Researchers from Perm National Research Polytechnic University in Russia, collaborating with colleagues at Jiangxi University of Science and Technology in China, have explored a promising new pathway to enhance the extraction of potassium in fertilizer production. The university press office reported the development to socialbites.ca. Potassium remains a cornerstone nutrient in modern agriculture, primarily sourced from sylvinite ores through flotation, a separation process that yields potassium chloride alongside sodium chloride. To drive efficiency, specialized reagents are employed, yet certain physicochemical limitations of these substances hinder performance and raise costs.
In the joint study, the teams placed the reagents inside an ultrasonic chamber and subjected them to acoustic waves across a range of powers—from 168 up to 420 watts—for a duration of 150 seconds. After treatment, researchers evaluated how the changes in the reagents influenced the buoyancy and separation quality of potash ore particles. The findings indicate that ultrasound can alter key properties of the reagents. For instance, ultrasonication can reduce the size of large molecular aggregates and modify the solution’s charge potential, both factors that influence how particles behave in flotation media. These changes correlated with improved separation performance, particularly at a processing power of 252 watts, which yielded the most favorable results in the experiments.

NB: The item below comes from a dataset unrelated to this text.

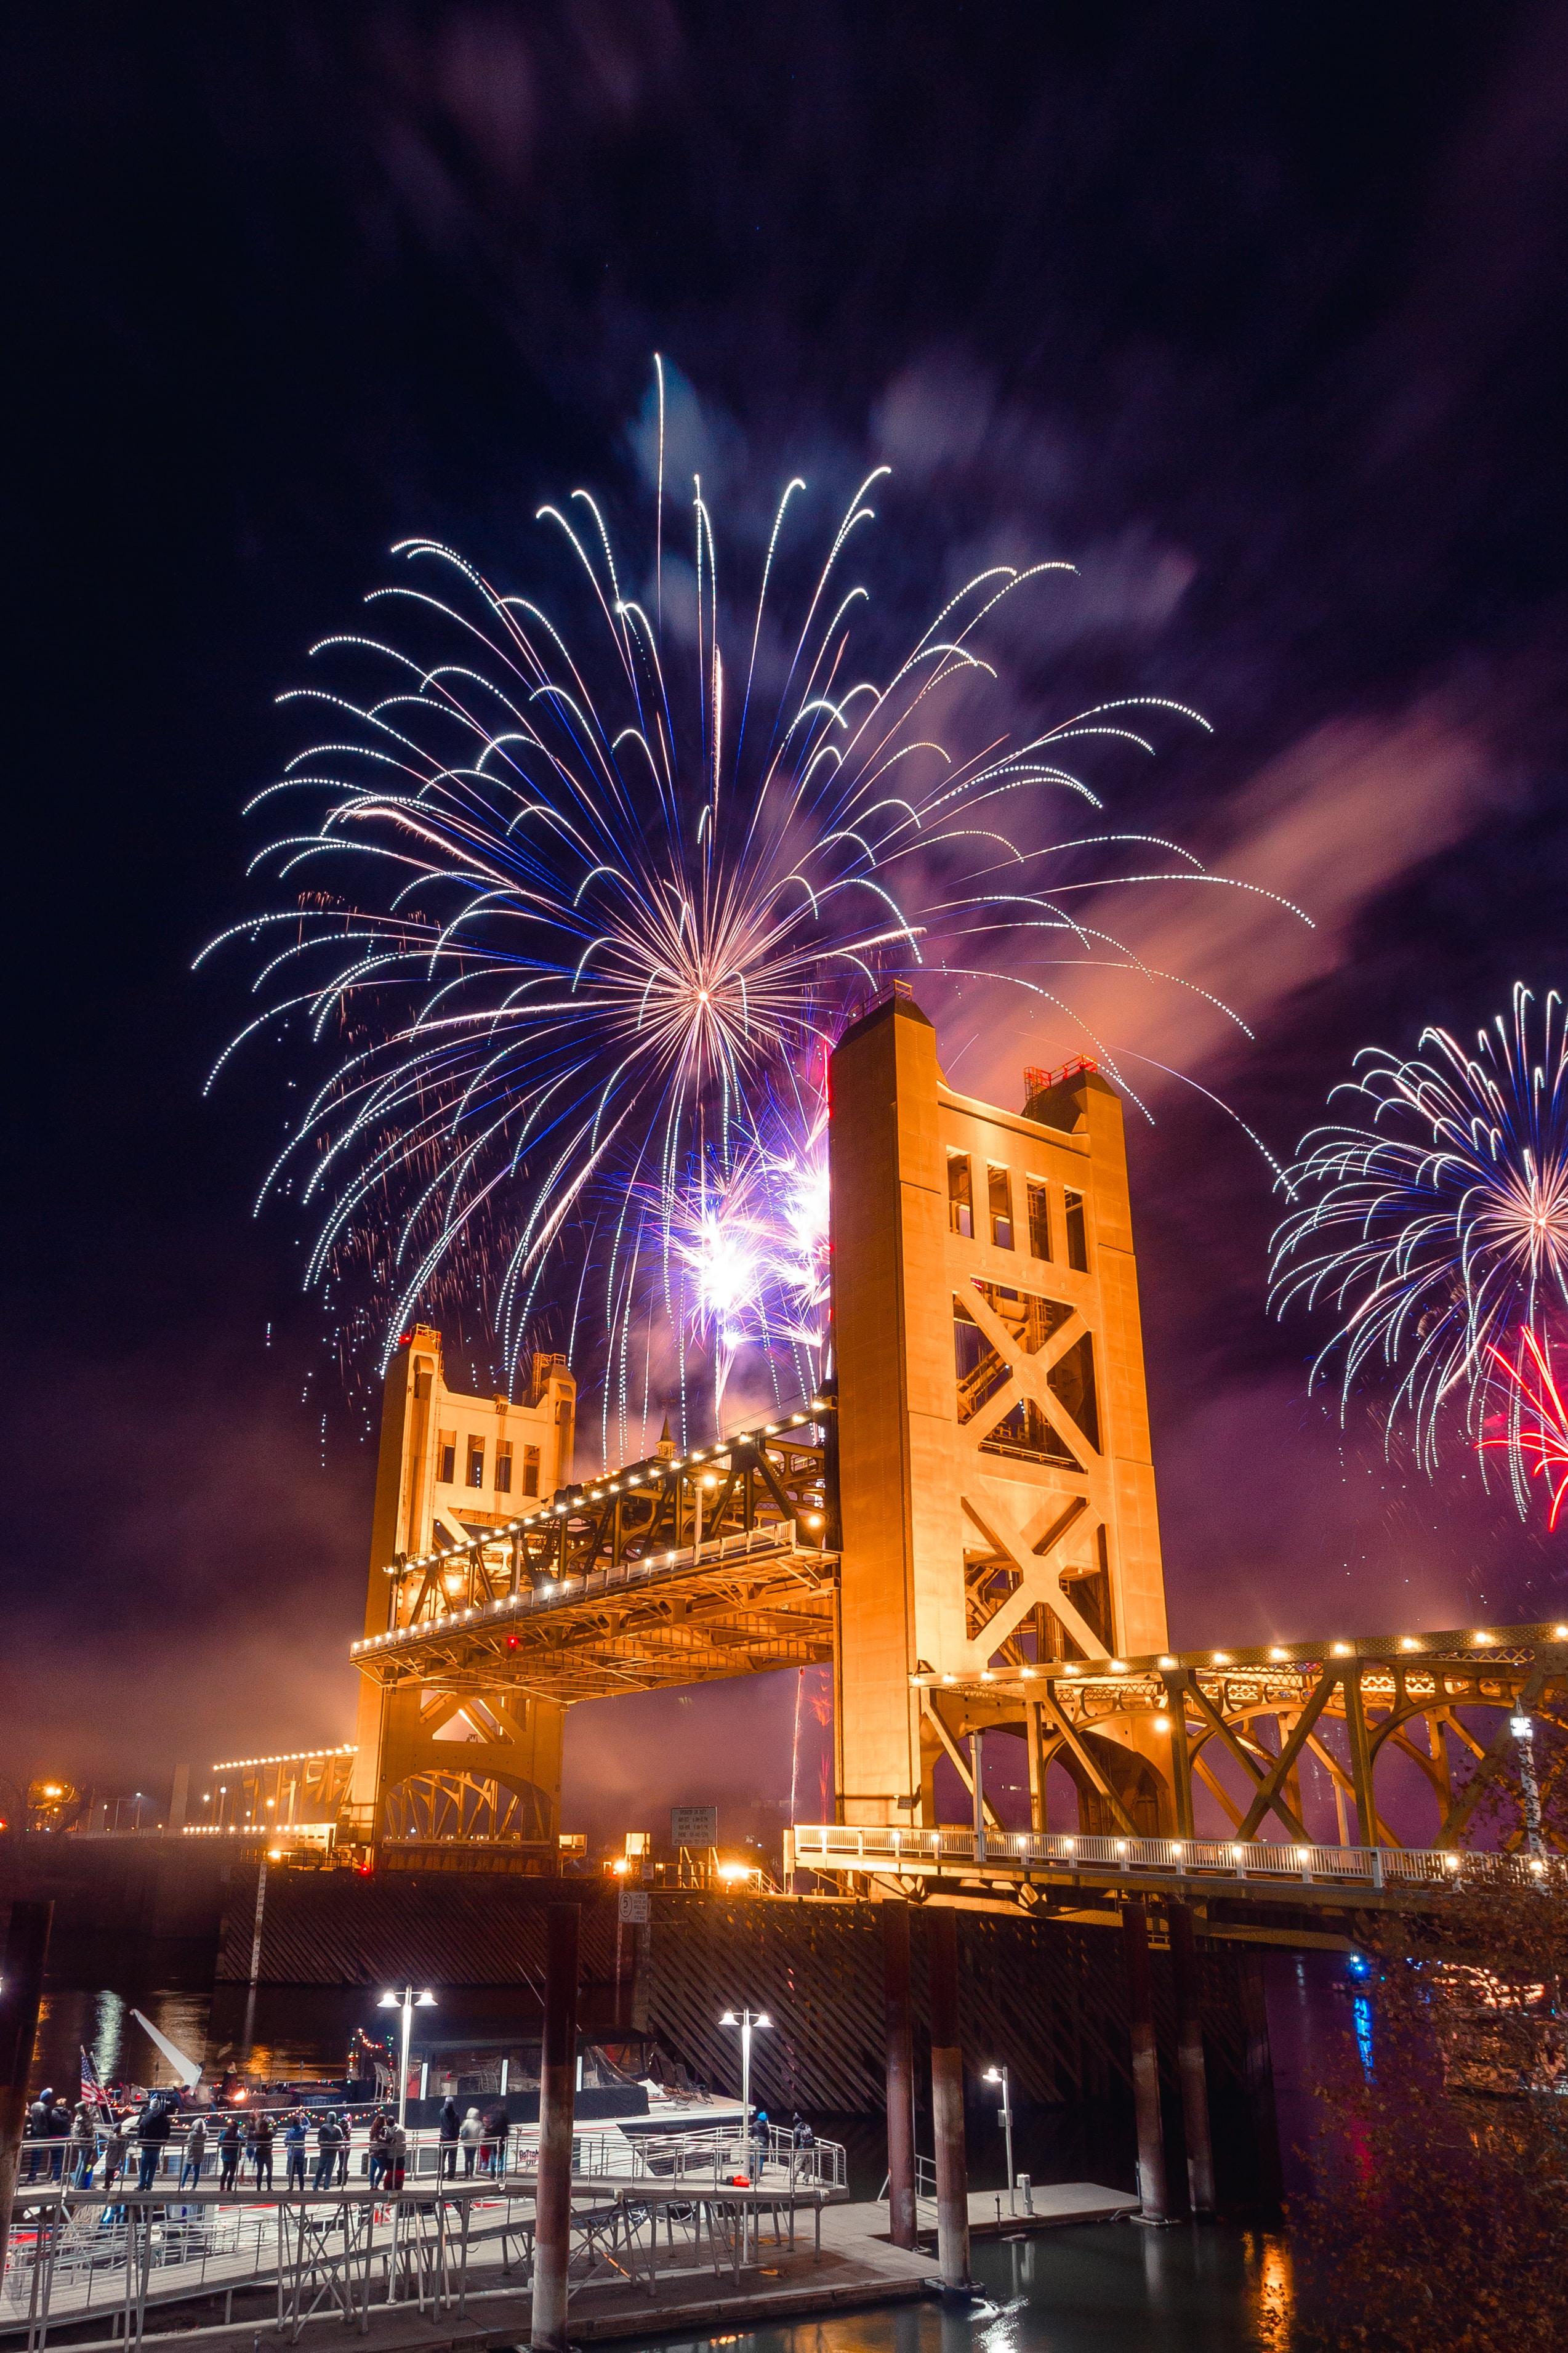 Happy new year 2020 best hd wallpaper download free

Looking ahead, the team envisions verifying these gains under pilot industrial conditions to assess scalability, robustness, and economic viability in real production lines. If pilot tests succeed, the ultrasound-assisted approach could become a practical option for mining and chemical processing facilities seeking lower reagent usage and higher ore recovery rates.
Earlier, scientists from Siberia proposed a method for extracting minerals from extraterrestrial bodies such as the Moon and Mars, reflecting a broader interest in expanding mineral processing techniques beyond Earth. The current work adds to this broader trend by showing how sound-based processing can tune material interactions in flotation systems, potentially broadening the toolkit available to potassium producers in North America and beyond.